*ENTRIES PROVIDED*
↓

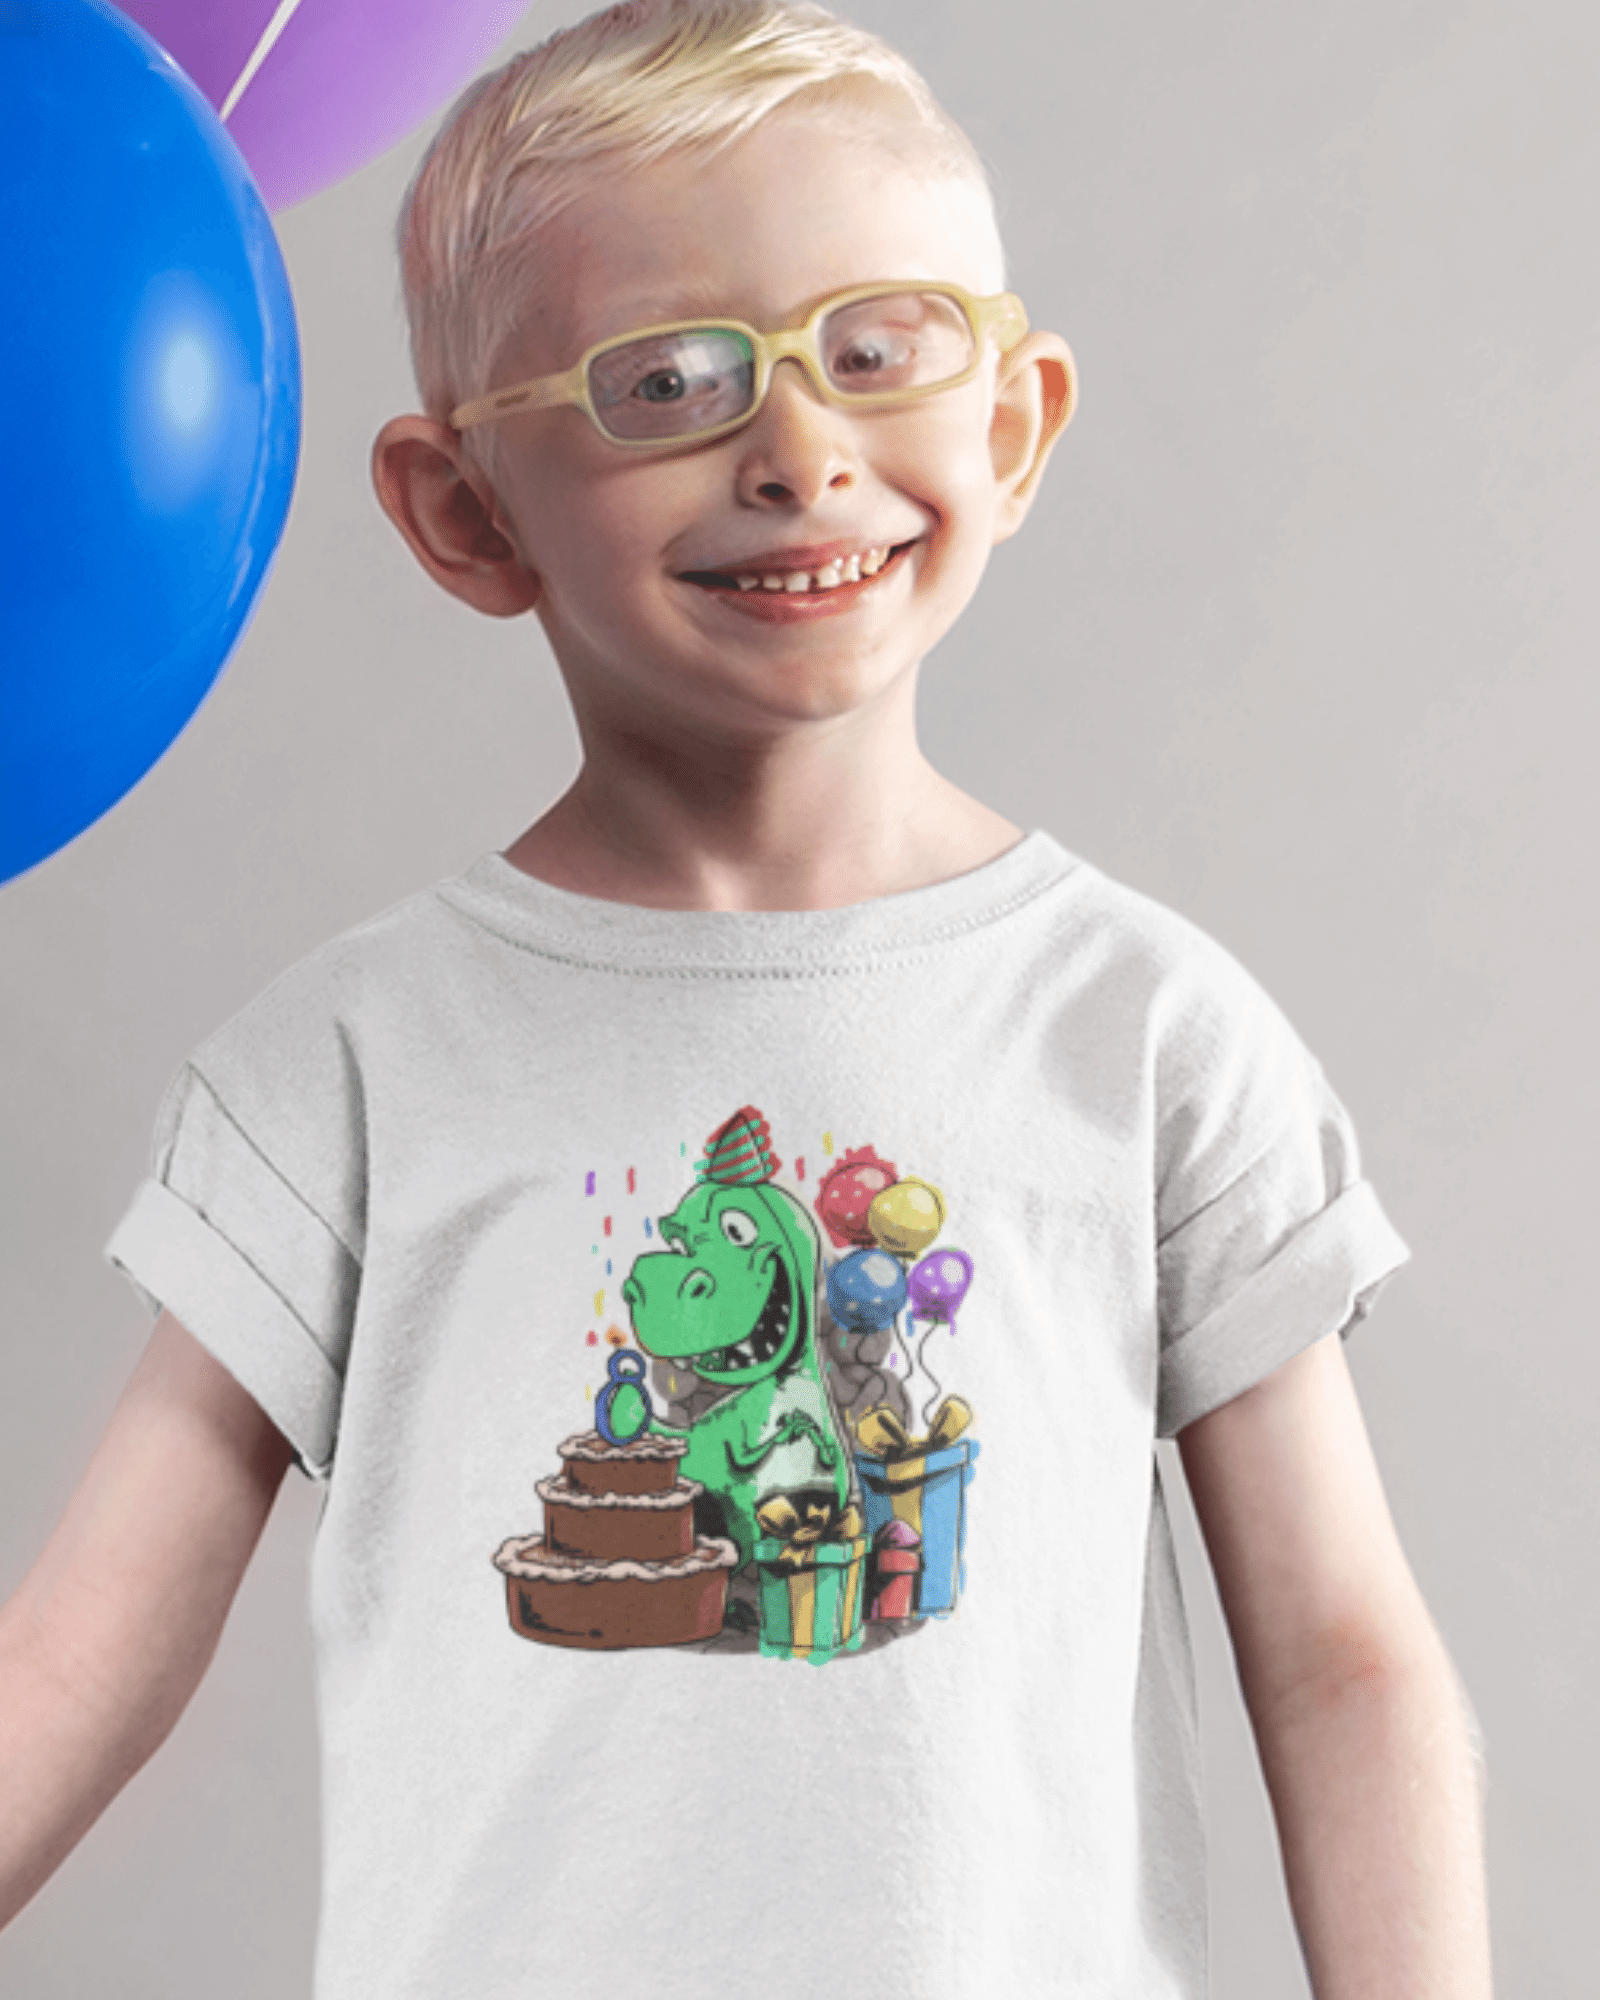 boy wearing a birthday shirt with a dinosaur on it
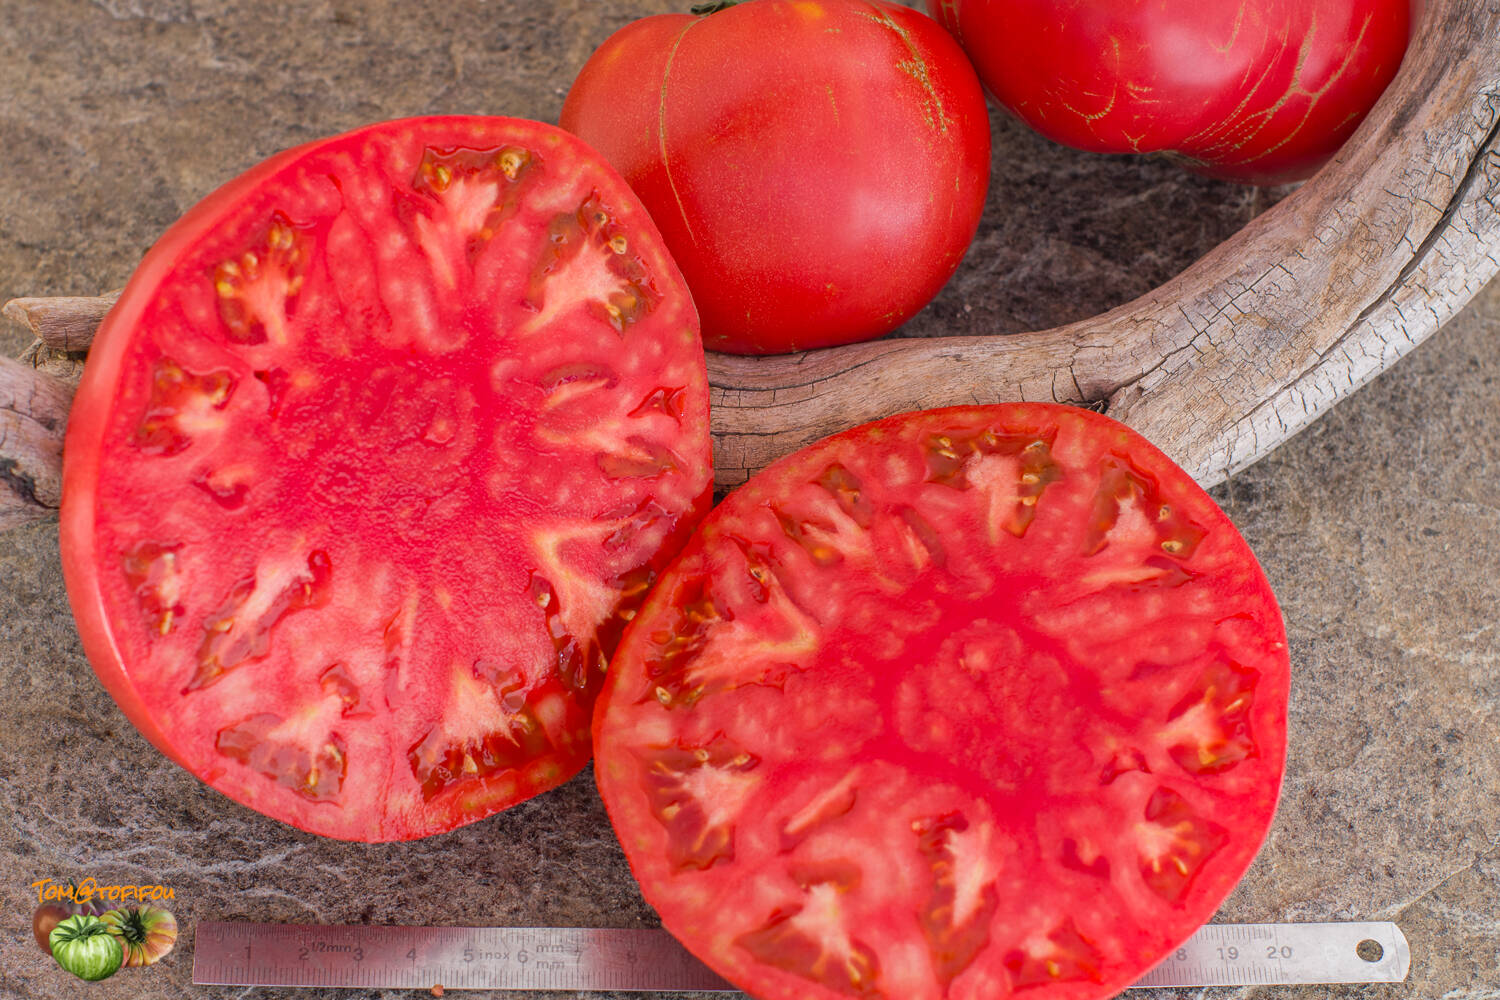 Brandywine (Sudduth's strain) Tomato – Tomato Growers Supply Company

↑
↓

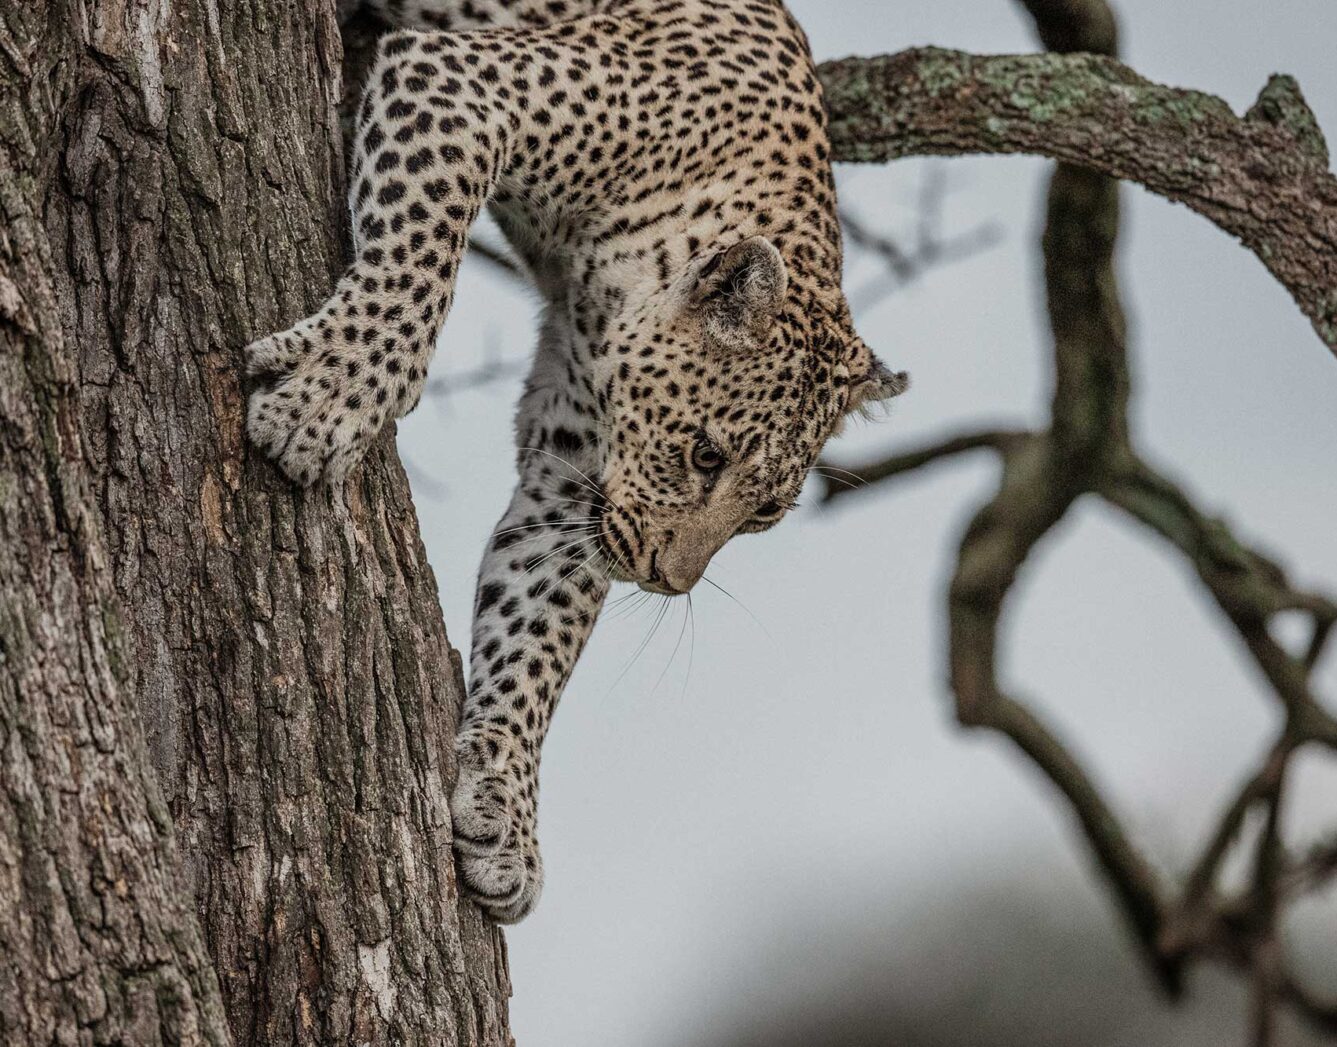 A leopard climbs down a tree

↑
↓

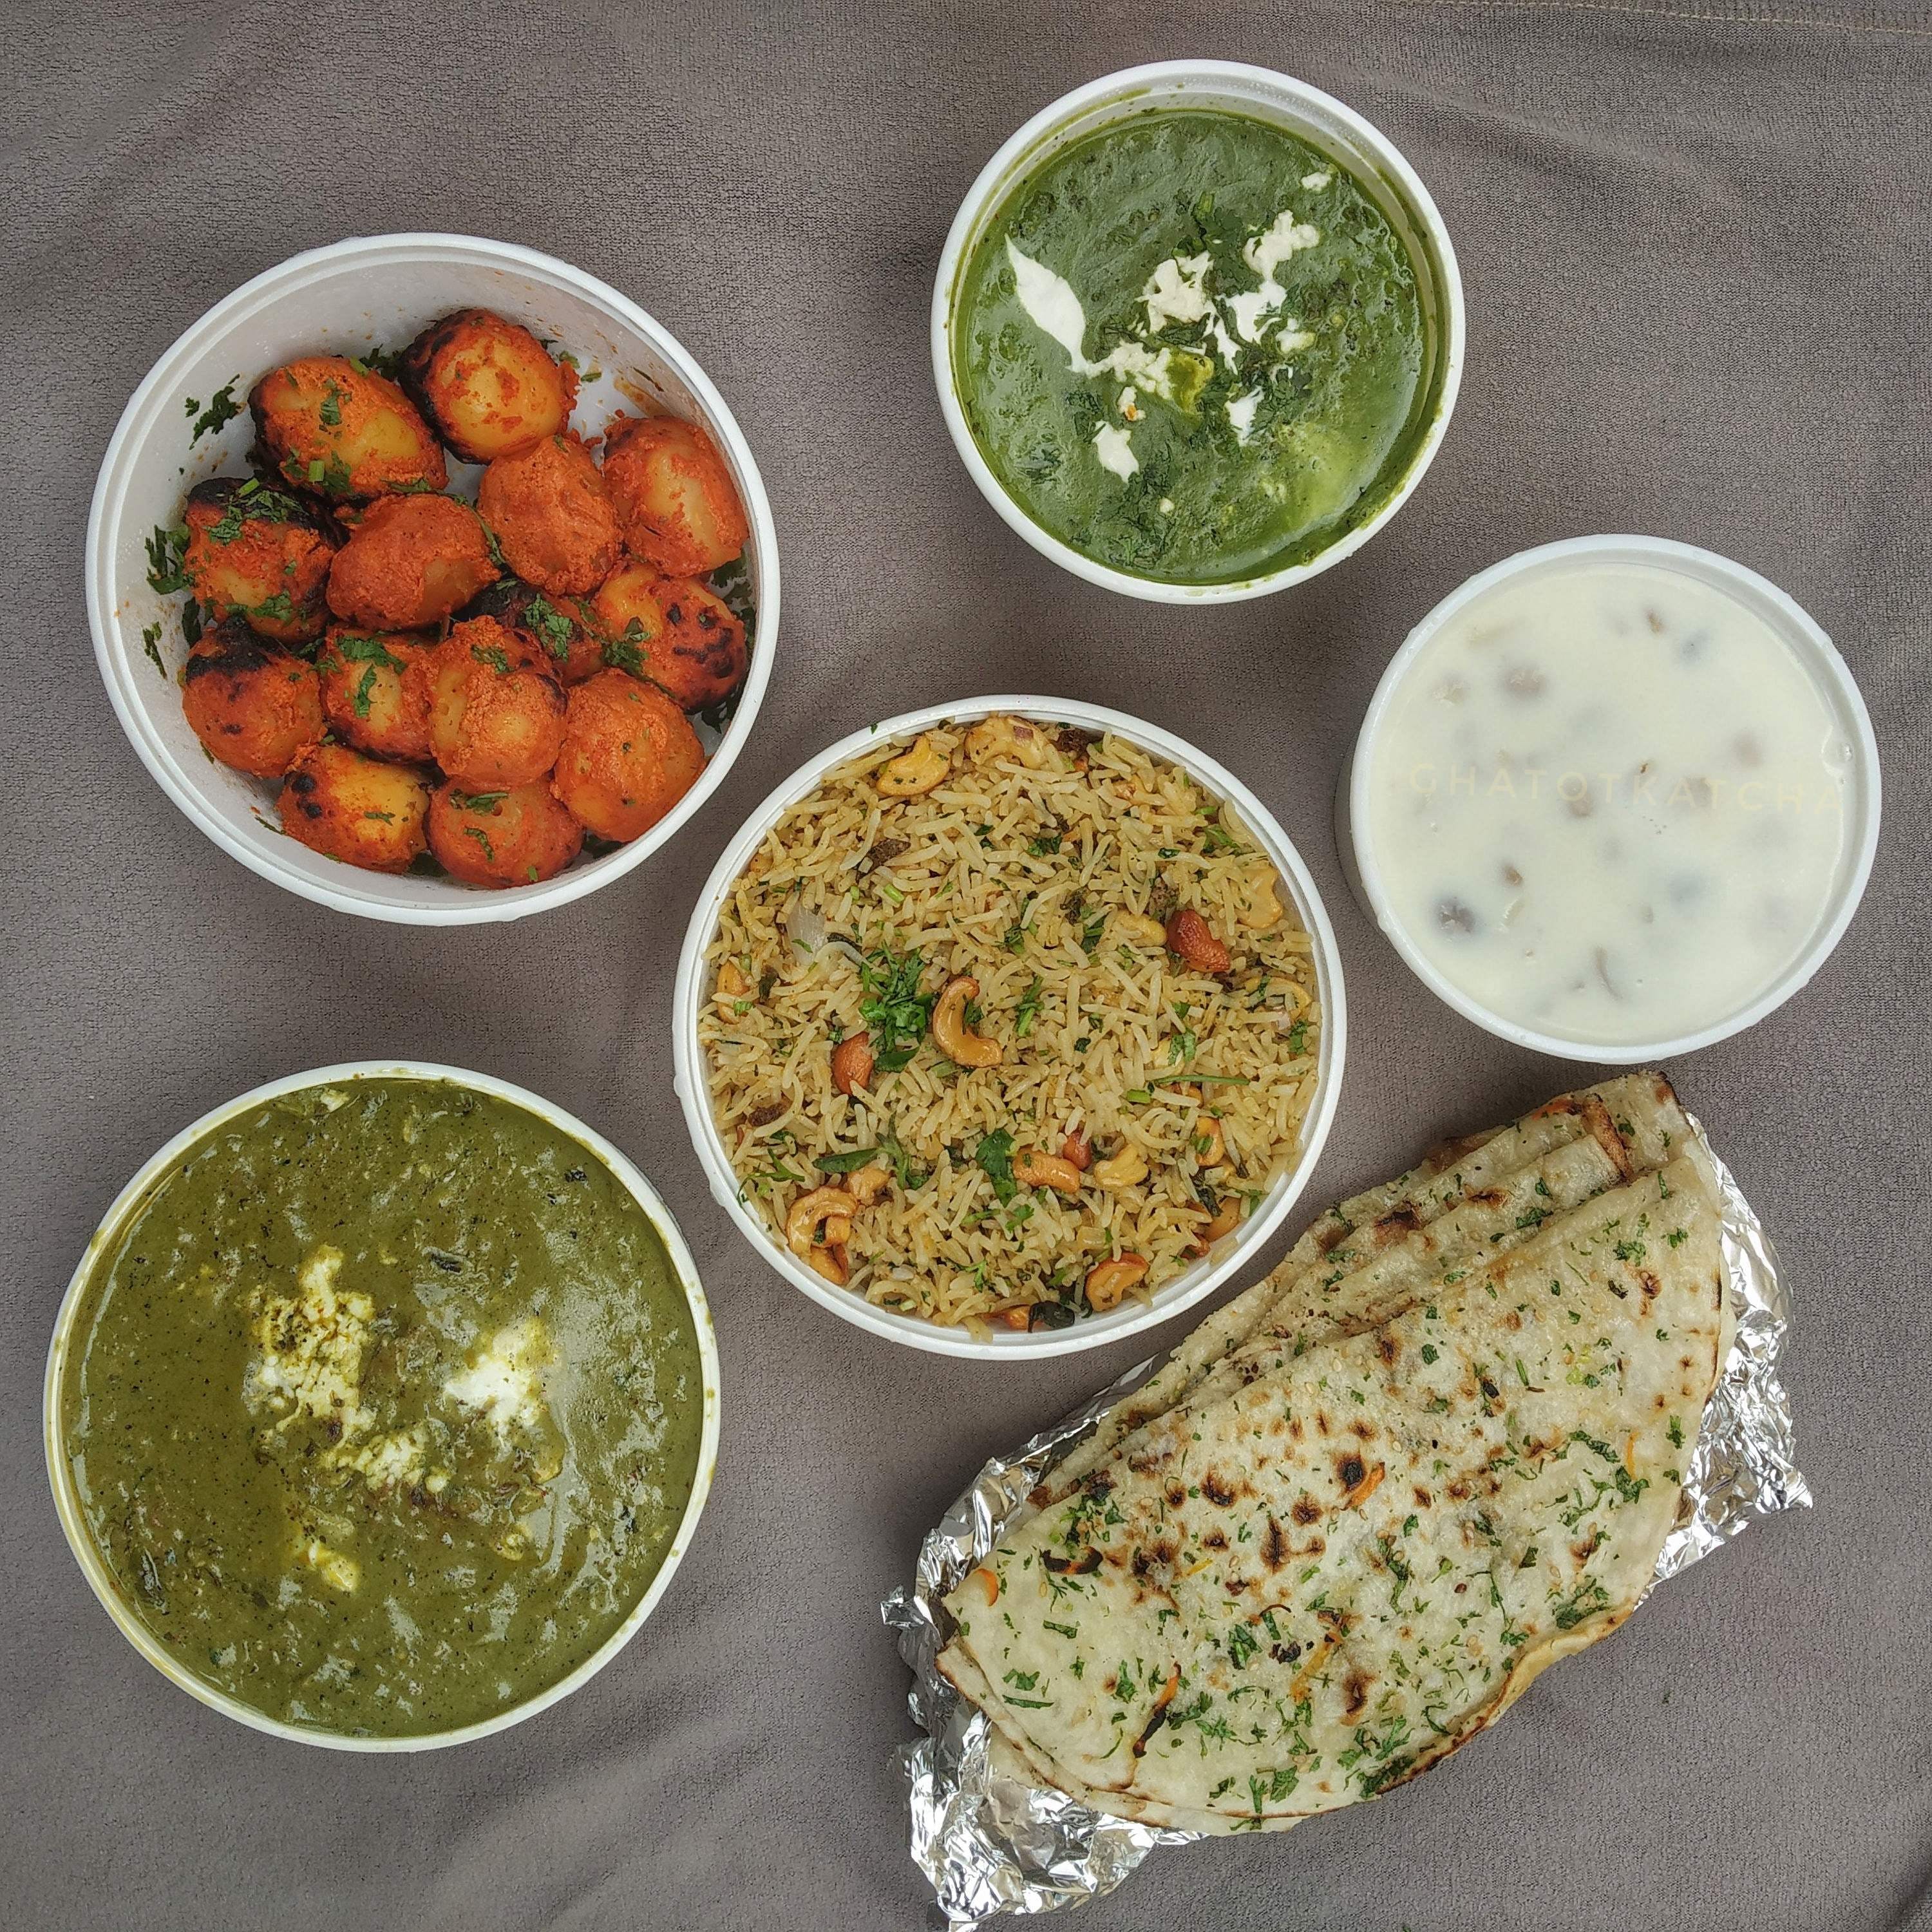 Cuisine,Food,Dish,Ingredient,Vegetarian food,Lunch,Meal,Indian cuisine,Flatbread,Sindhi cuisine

↑

*TASK ITEM*
Pictures in the entries do not go into the copy. Print only the lines starting at the one containing "boy wearing a" and ending at the one containing "Brandywine (Sudduth's strain)", exactly as they appear.

*SOLUTION TO THIS PROBLEM*
 boy wearing a birthday shirt with a dinosaur on it
 Brandywine (Sudduth's strain) Tomato – Tomato Growers Supply Company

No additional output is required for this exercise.